To give you an idea of the speed of a ramdisk, a 1.1GB tmpfs file system was created on an AMD Phenom II X4 920 system (2.8 GHz) with 8GB of DDR2-1066 MHz memory. Then iozone version 3.2.1 was run on the file system. The command used was,
mount -t tmpfs -o size=1100m tmpfs /mnt/tmpfs
[laytonjb@test64 ~]$ df -k
Filesystem 1K-blocks Used Available Use% Mounted on
/dev/mapper/VolGroup00-LogVol00
17330592 13649432 2786596 84% /
/dev/hda1 99043 48021 45908 52% /boot
tmpfs 3957596 0 3957596 0% /dev/shm
/dev/sda1 153834852 1913512 144106924 2% /home
tmpfs 1126400 0 1126400 0% /mnt/tmpfs
[root@test64 ~]# mkdir /mnt/tmpfs/laytonjb
[root@test64 ~]# chown laytonjb:laytonjb /mnt/tmpfs/laytonjb
[root@test64 ~]# su laytonjb
[laytonjb@test64 root]$ cd /mnt/tmpfs/laytonjb
./iozone -Rab /home/laytonjb/tmpfs.wks -i 0 -i 1 -g 1G
The results below are for a 16,384 byte record size for a 1GB file:
- Write = 1.59 GB/s
- Re-write = 1.95 GB/s
- Read = 1.99 GB/s
- Re-read = 2.01 GB/s
Contrast these with the throughput of a typical single hard drive that may be 100 MB/s with the same set or parameters. Now you know why people like ramdisks.
Next: Uses for Ramdisks
Comments on "Ramdisks – Now We Are Talking Hyperspace!"

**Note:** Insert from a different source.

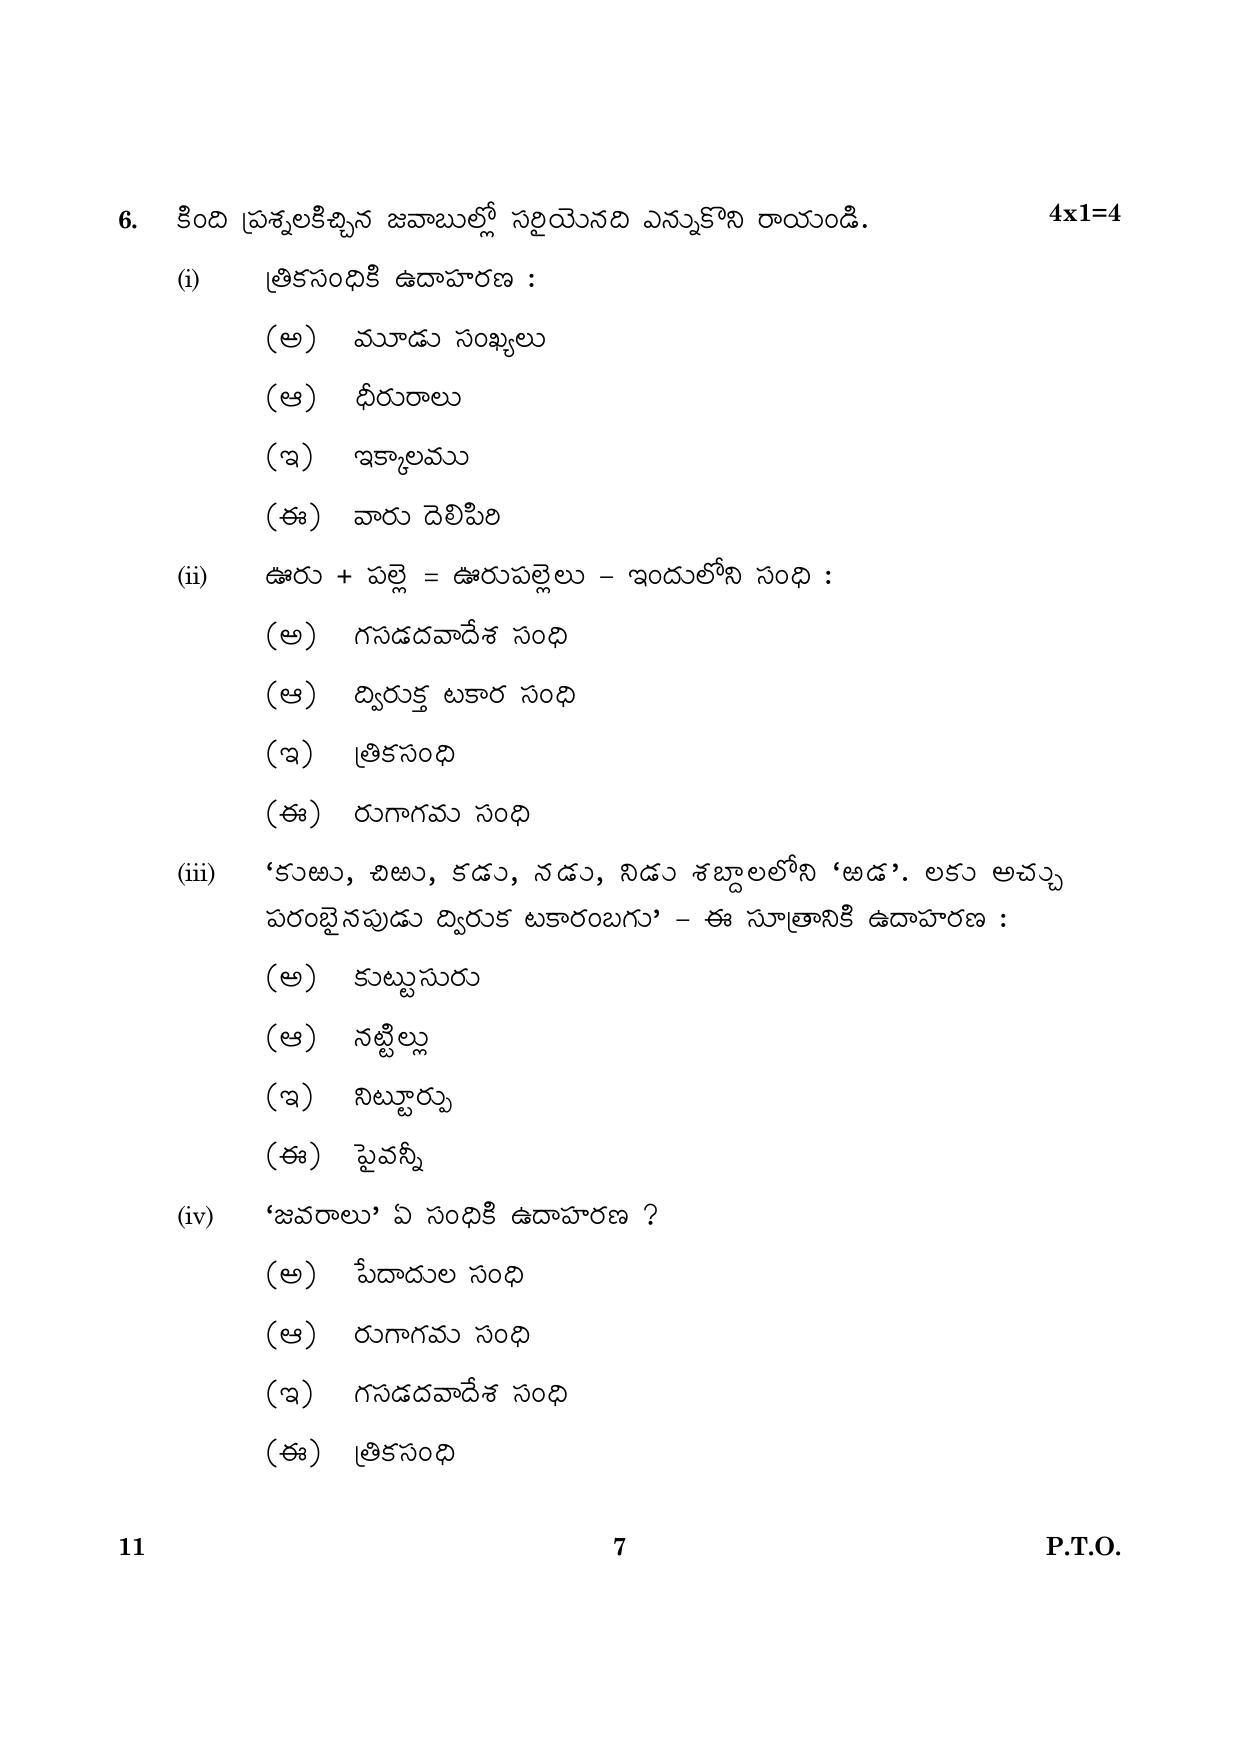 CBSE Class 10 011 Telugu 2016 Question Paper - Page 7

Good article, Jeffrey. Timely, too, in that I’ll be presenting a webinar on Thursday (June 25) titled “What Makes A Database System ‘In-Memory’?” In it, I’ll contrast in-memory database systems to:
1. using a database in a RAM disk
2. using DBMS cache to cache 100% of the database
3. using the “memory tables” feature offered by some DBMS
4. using solid-state disk
All the approaches have pluses and minuses that we’ll explore. Folks that found this article interesting/informative might also find the content in the webinar useful.

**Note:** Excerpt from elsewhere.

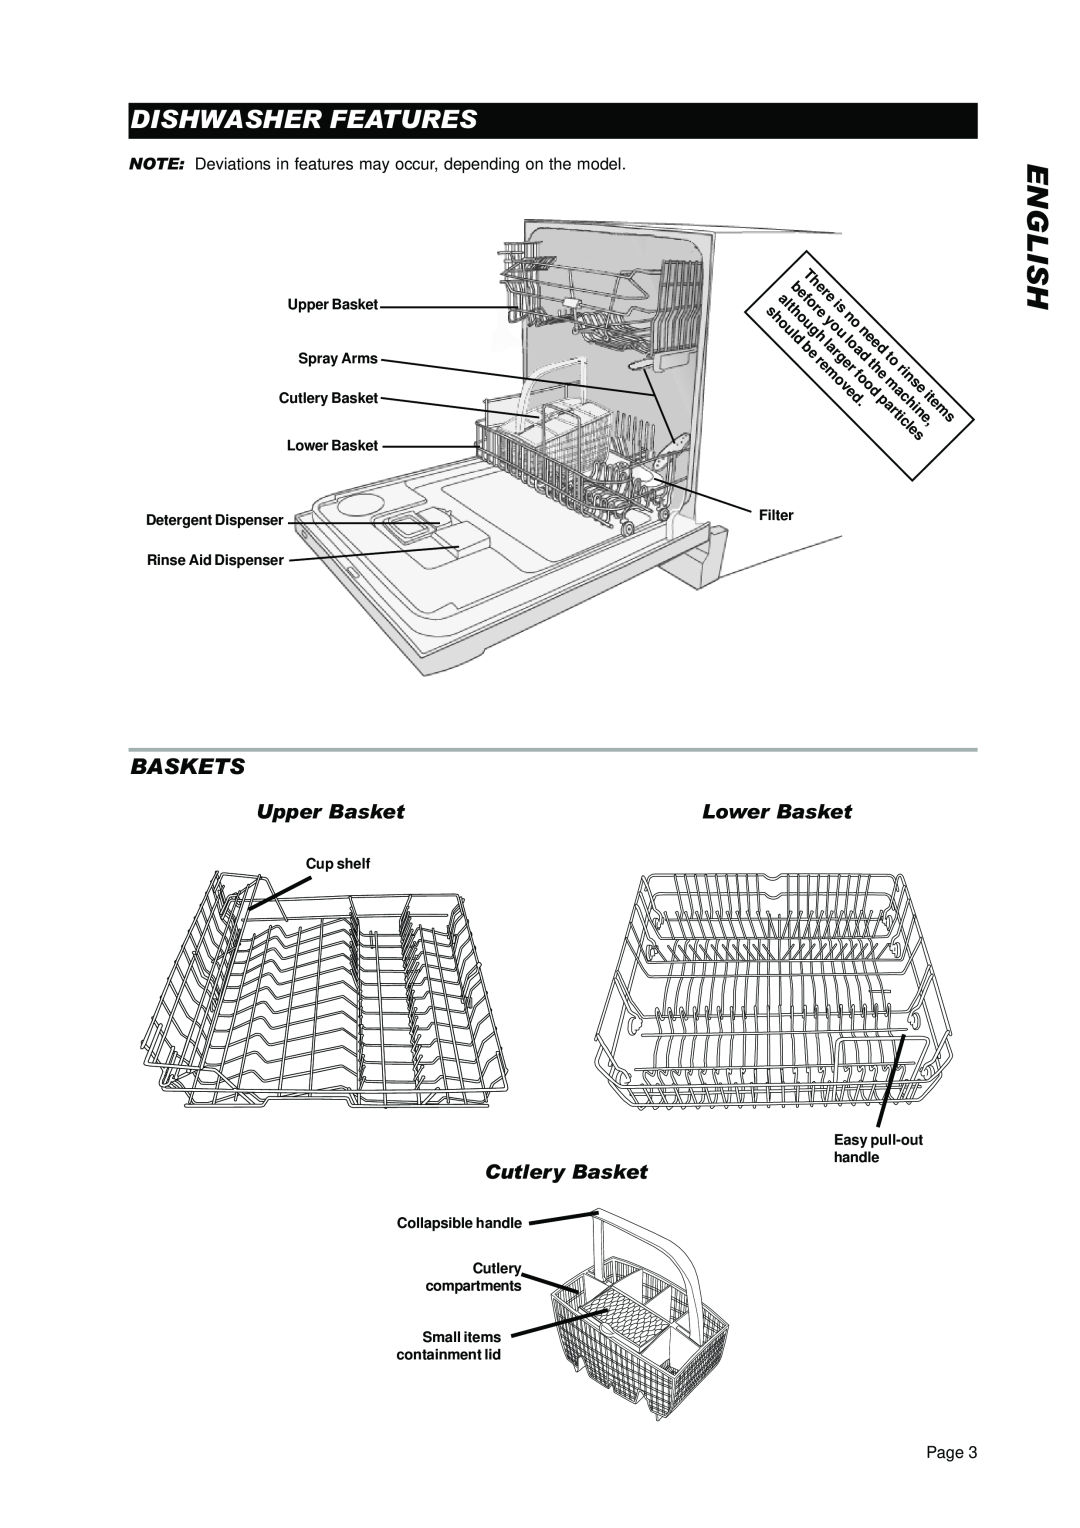 Asko D3250 Dishwasher Features, Baskets, Upper Basket, Lower Basket, Cutlery Basket, English, before, rinse, load, machine

Registration for the webinar is here:
http://www.mcobject.com/in-memory-database-webinar-june-25
Just another thumbs up to ramdisk. We recently had a situation where one of our ganglia collection servers was hitting some resource consumption issues. Specifially it was running at a steady 55% iowait because of all the ganglia type data that was being written to the database (to the point where we were seriously considering a redesign of our ganglia system and adding more hardware). As a solution we created a small tmpfs and moved the database to that location. We have a script that copies the database off to harddisk every 10 mins (and of course one that loads data at startup and unloads data at shutdown). That way if we have a major catastrophe on the server the most we could lose is ten minutes worth of performance data (which is acceptable for our purposes).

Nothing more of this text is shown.